Work item — A partial copy is required: transcribe exactly the lines from the one containing "Conjunto De Dibujos" through the last line below, without any pictures.

Supplied material —
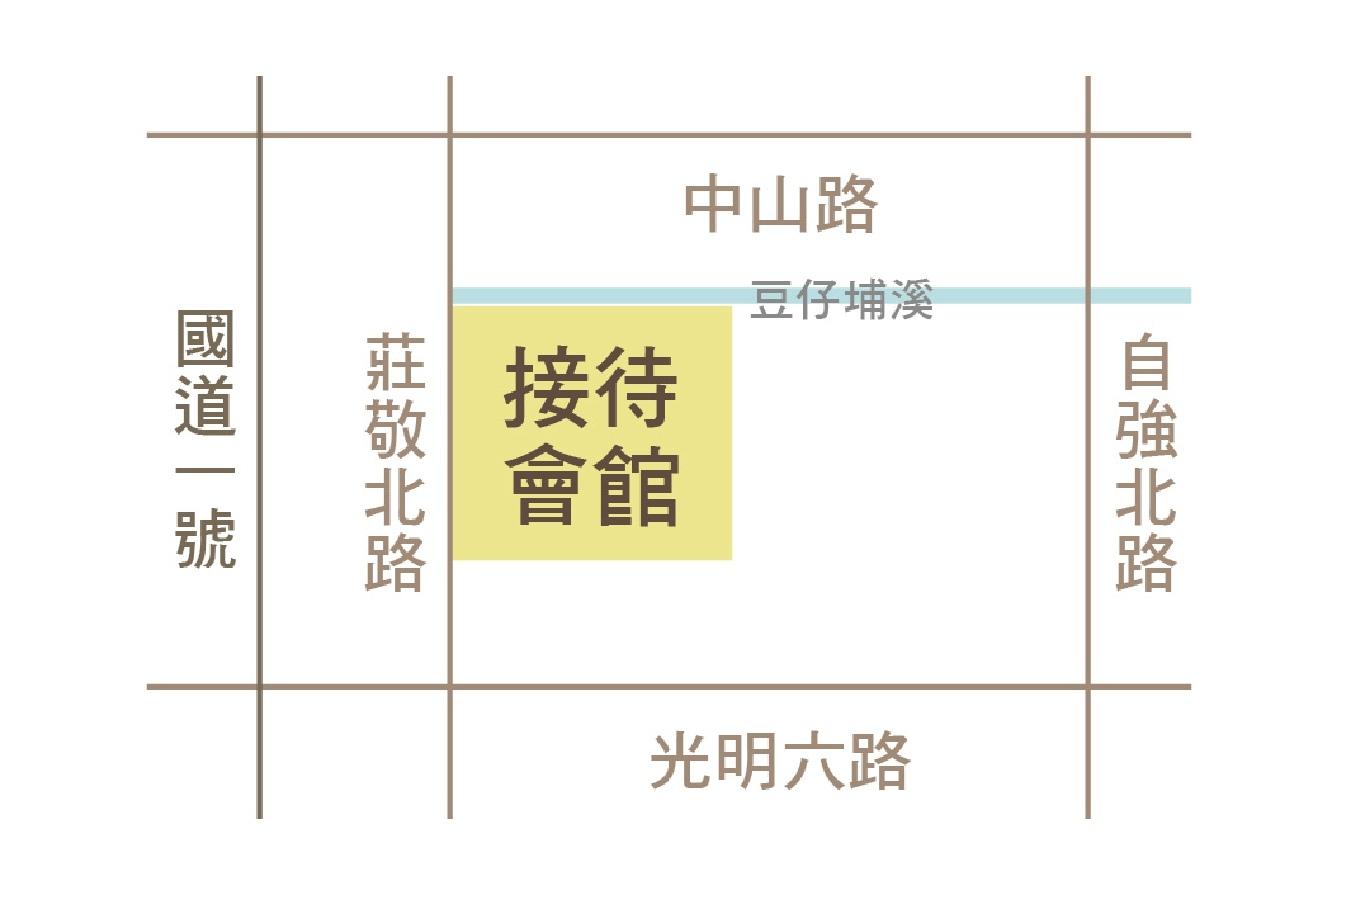 [竹北水瀧]總誼建設-四季繪(大樓)20180416-3.jpg
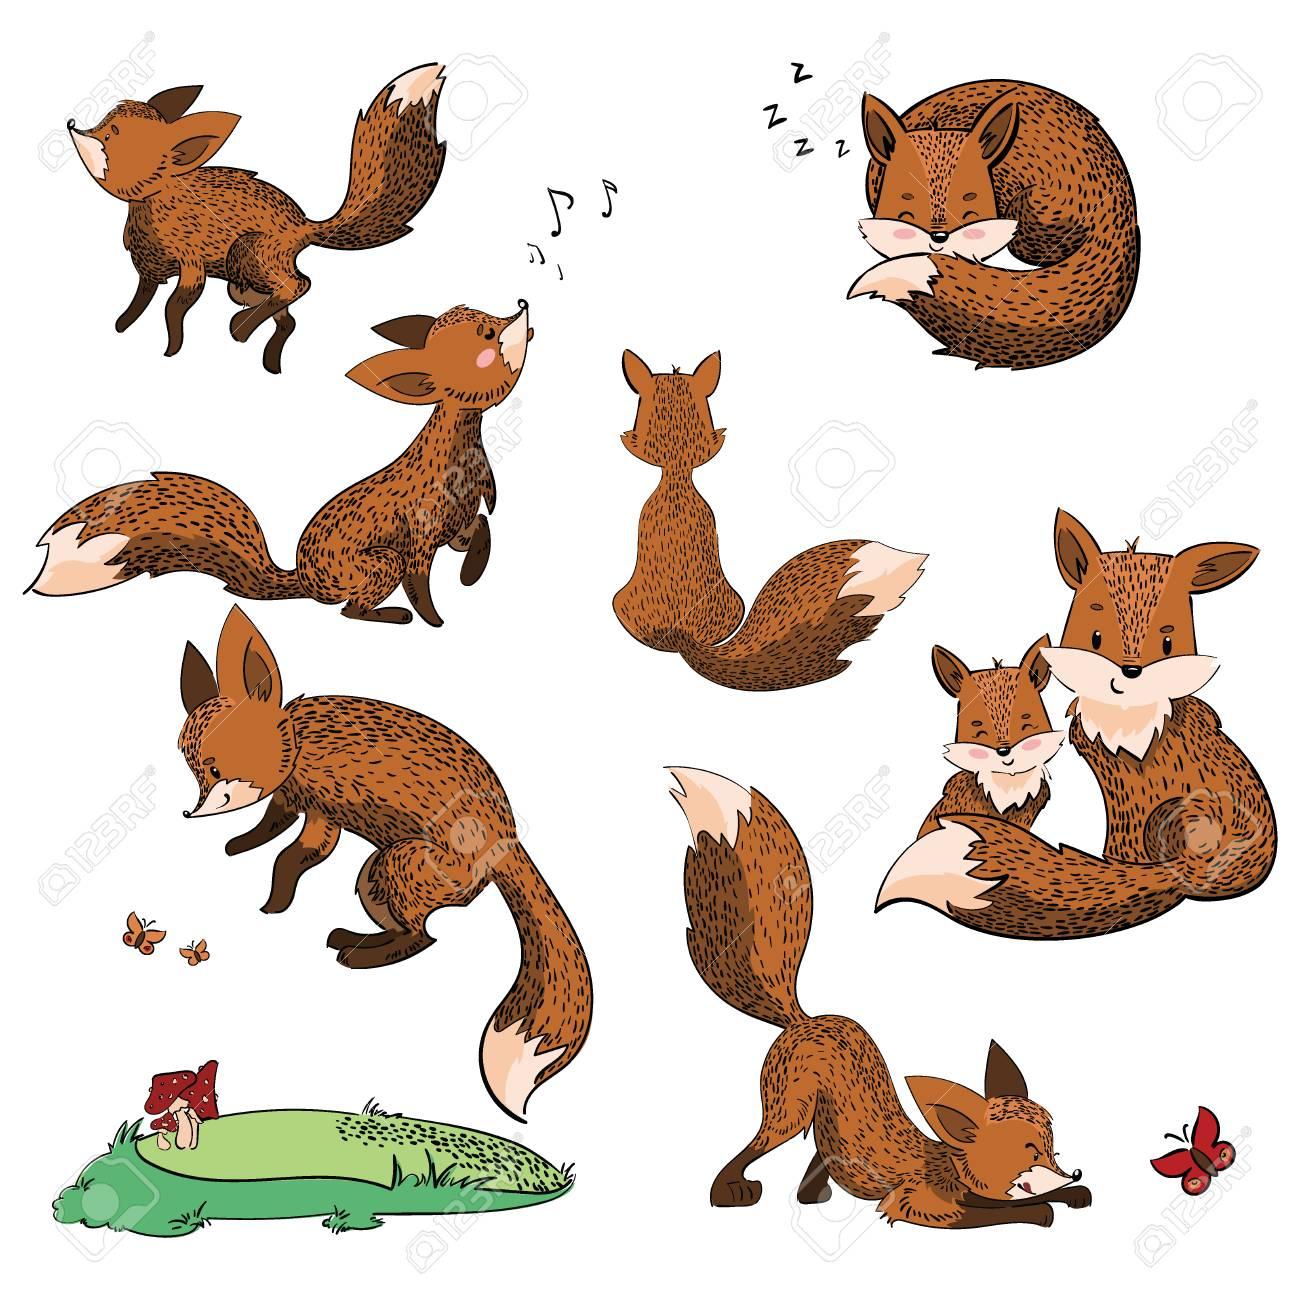 Conjunto De Dibujos Animados Zorros Colección De Zorros Lindos Ilustración Vectorial Para Niños Animales Salvajes
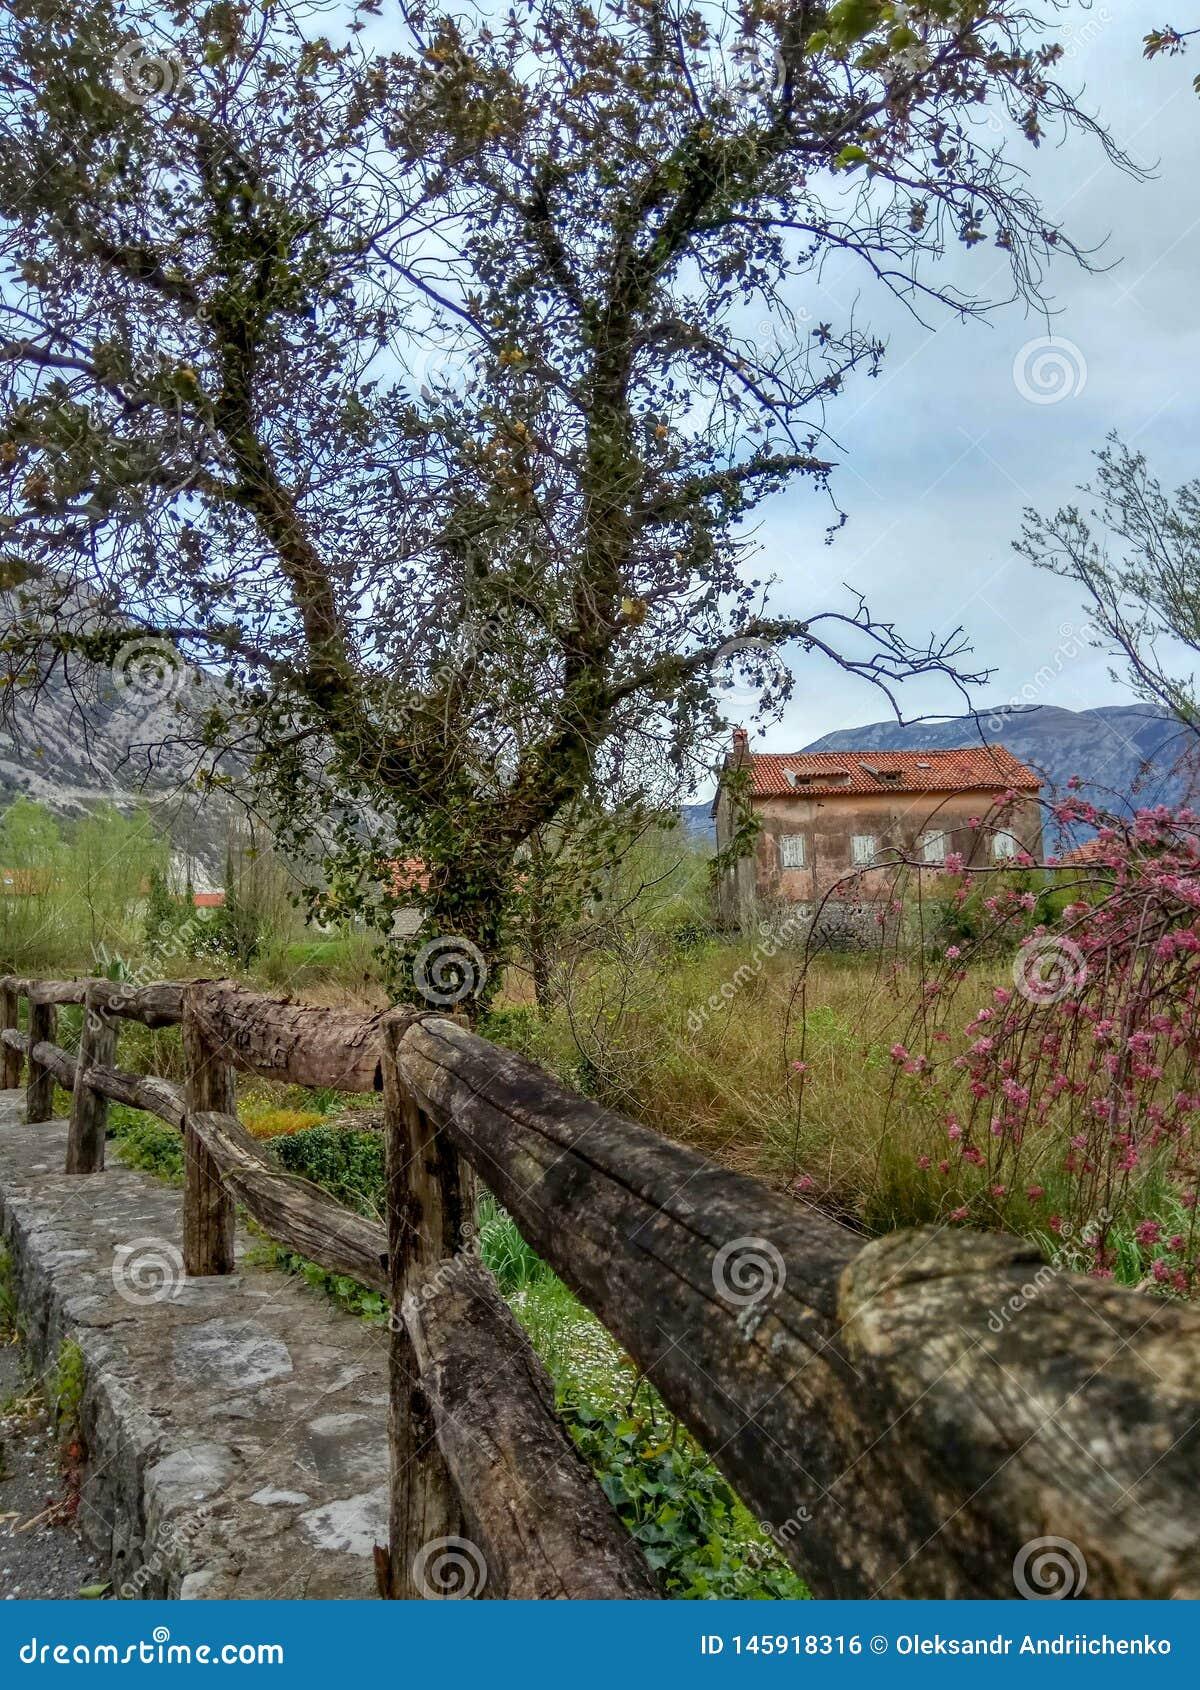 Bretterzaun und altes Haus in einem Dorf

The completed task —
 Conjunto De Dibujos Animados Zorros Colección De Zorros Lindos Ilustración Vectorial Para Niños Animales Salvajes
 Bretterzaun und altes Haus in einem Dorf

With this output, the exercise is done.